Clustering, a common machine learning technique, involves grouping objects according to similarities 
in their data and classifying each into a specific group. The algorithm analyses the clustered data, identifies a 
group of data that share the same traits and develops a model from these data [12]. For example, clustering is 
used to group patients by gender, age and blood type based on their demographics. 

In this study, we investigate the literature on clustering algorithms to identify challenges associated 
with analysing medical data in recent research. Prior reviews on clustering techniques have paid less attention 
to medical research. Therefore, we present the outcomes of a systematic mapping study to categorise recent 
research on clustering algorithms used to analyse medical data. Through this study, we aim to address this 
research gap by seeking answers to three main research questions: (RQ1) What are the studies that have 
investigated clustering techniques for analysing EMRs? (RQ2) What are the studies that have discussed 
problems associated with clustering techniques for analysing EMRs? (RQ3) What are the studies that have 
used evaluation parameters on clustering techniques? 

Through this systematic mapping study, we provide researchers and practitioners with an overview of 
the existing clustering algorithms for analysing medical data. We also provide practical insights by exploring 
these research questions. Overall, this systematic mapping study contributes to the knowledge base on 
clustering algorithms for analysing medical data. 


2. RELATED WORK 

EMRs are the innovation that eliminate the need for traditional paper charts containing the patient’s 
medical history [1]. The use of EMRs enables researchers to gain new insight into the depth of large datasets 
[13]. It is another way to learn new medical knowledge, apart from through conducting clinical and biological 
experiments. An EMR can store an extensive range of patient information, such as the history of medication, 
vaccination, test results and insurance information. 

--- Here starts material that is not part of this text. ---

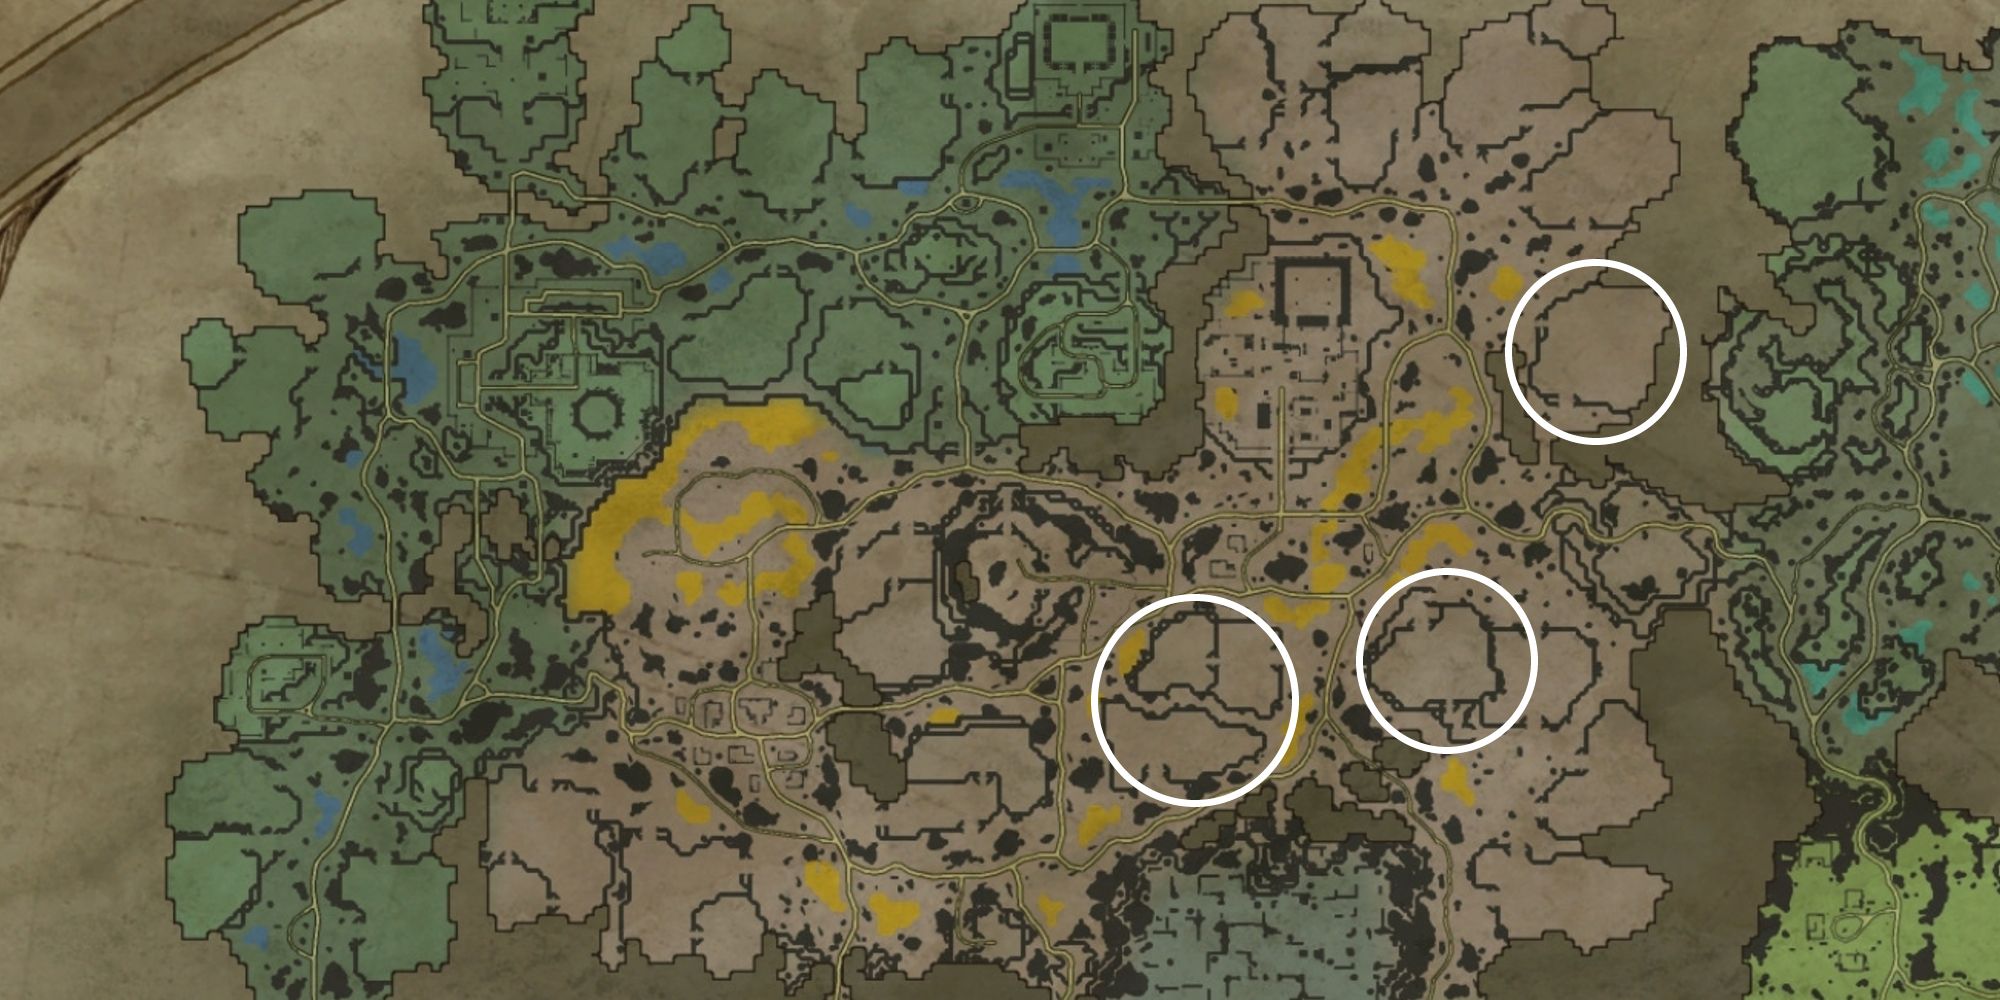 v rising gloomrot map with locations for potential bases

EMRs are used to store all past clinical information of each patient in detail during their treatment at 
medical institutions [14]. The incidence and clinical characteristics of diseases can be identified through mining 
all previous clinical information recorded in the EMR system [15]-[17]. Data mining has become an important 
technique to help researchers extract knowledge from large and complex data, such as medical records for 
patients [18]-[20]. 

Data mining is also termed ‘knowledge discovery and data mining’. The data mining process mainly 
aims to extract essential and useful information from a database [7]. It involves data pre-processing techniques, 
such as data cleaning, integration, transformation and reduction; pattern discovery and knowledge evaluation 
[21]. Various data mining techniques, such as association, classification and clustering, can be used to extract 
interesting patterns from huge amounts of data. 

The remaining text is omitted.